Caso assim não se considere, entende que a ré atua em abuso de direito, ao pretender beneficiar do testamento outorgado por causa da convivência amorosa e da união de vida, situação que cessou anos antes do óbito, em prejuízo da família de sangue, atentando contra a boa-fé, os bons costumes e o fim económico e social da vocação sucessória A ré contestou, invocando a exceção dilatória de ilegitimidade ativa, por o autor se encontrar desacompanhado dos demais herdeiros, e impugnou os factos alegados, concluindo pela improcedência da ação. O autor pronunciou-se pela improcedência da referida exceção dilatória de ilegitimidade.
Foi realizada audiência prévia e proferido saneador sentença, no qual foi julgada improcedente a invocada exceção de ilegitimidade e improcedente a ação, absolvendo a ré do pedido.
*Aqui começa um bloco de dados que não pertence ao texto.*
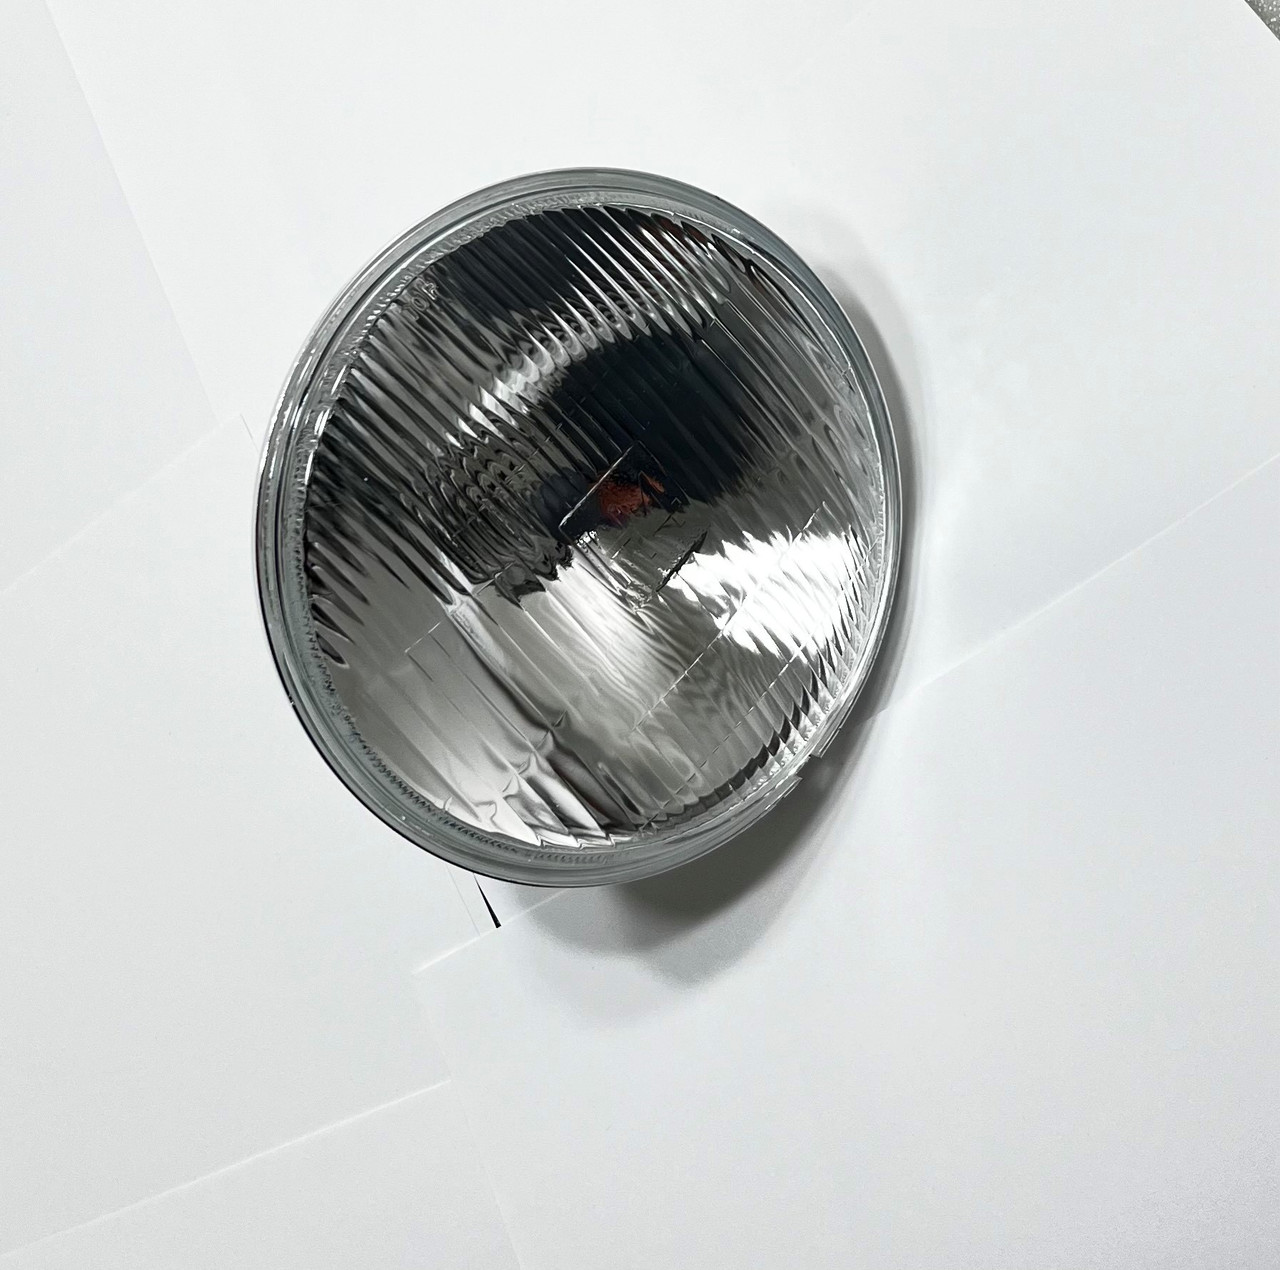 Yamaha RD R5 DS7 162mm Headlight , 66-64317, 246-84320-60-00, 1A0-84320-61-00

Desta sentença veio o Autor interpor o presente recurso, concluindo as alegações nos seguintes termos: a. O art.º 2317º do Cód. Civil determina a caducidade dos testamentos cuja base negocial tenha cessado.
-
Estão nesses casos os diversos exemplos das várias alíneas do artigo, os quais não esgotam os casos aos quais se deve aplicar o mesmo remédio.
-
A razão de ser da caducidade é o facto de se poder com segurança presumir que, uma vez ausentes os pressupostos em que assentou o testamento, a vontade conjetural do testador é a de que o testamento deve caducar.
-
É assim, por exemplo, no caso do cônjuge que testa a favor do seu cônjuge, quando cessa o casamento, pois entende-se que a vida familiar conjugal foi a razão pela qual o testamento foi feito, ou seja, a circunstância essencial que constituiu a base do negócio, e que a vontade que a ele presidiu deixa de existir quando o casamento acaba.
-
A mesma regra deve ser aplicada ao caso do testamento de fls. 17, pois também ele foi feito porque a sua autora vivia com a Recorrida como se fosse casada, e, tendo essa relação cessado muito antes da morte da testadora, deixaram de estar presentes as circunstâncias que motivaram o testamento, devendo presumir-se que a vontade da testadora é a de fazer caducar o testamento.
-
A bondade desta presunção em que se baseia o art.º 2317º, e da sua aplicação também ao caso dos autos, pode ser confirmada pela experiência de vida de qualquer pessoa: o normal é que quem se separa (casado ou vivendo como se fosse casado) não queira manter o testamento feito a favor do ex cônjuge ou ex companheiro(a).
-
Reforça essa ideia o facto de a separação da testadora e da Recorrida ter terminado com a partilha/divisão de bens, não fazendo sentido que S… tenha querido pôr termo à comunhão dos bens, mas quisesse manter a Recorrida como sua sucessora na titularidade desses mesmos bens.
-
Do mesmo modo, tendo constituído nova família com outra pessoa, não faz sentido que tenha querido manter a Recorrida como sua sucessora.
-
Sendo assim, a douta sentença recorrida violou o art.º 2317º do Cód. Civil.
-
Deste modo, havendo motivos de sobra para justificar a aplicação do art.º 2317º ao caso dos autos, determinando a caducidade do testamento de fls. 17, requerendo-se a reforma da douta sentença recorrida, e a sua substituição por outra que julgue a ação totalmente procedente.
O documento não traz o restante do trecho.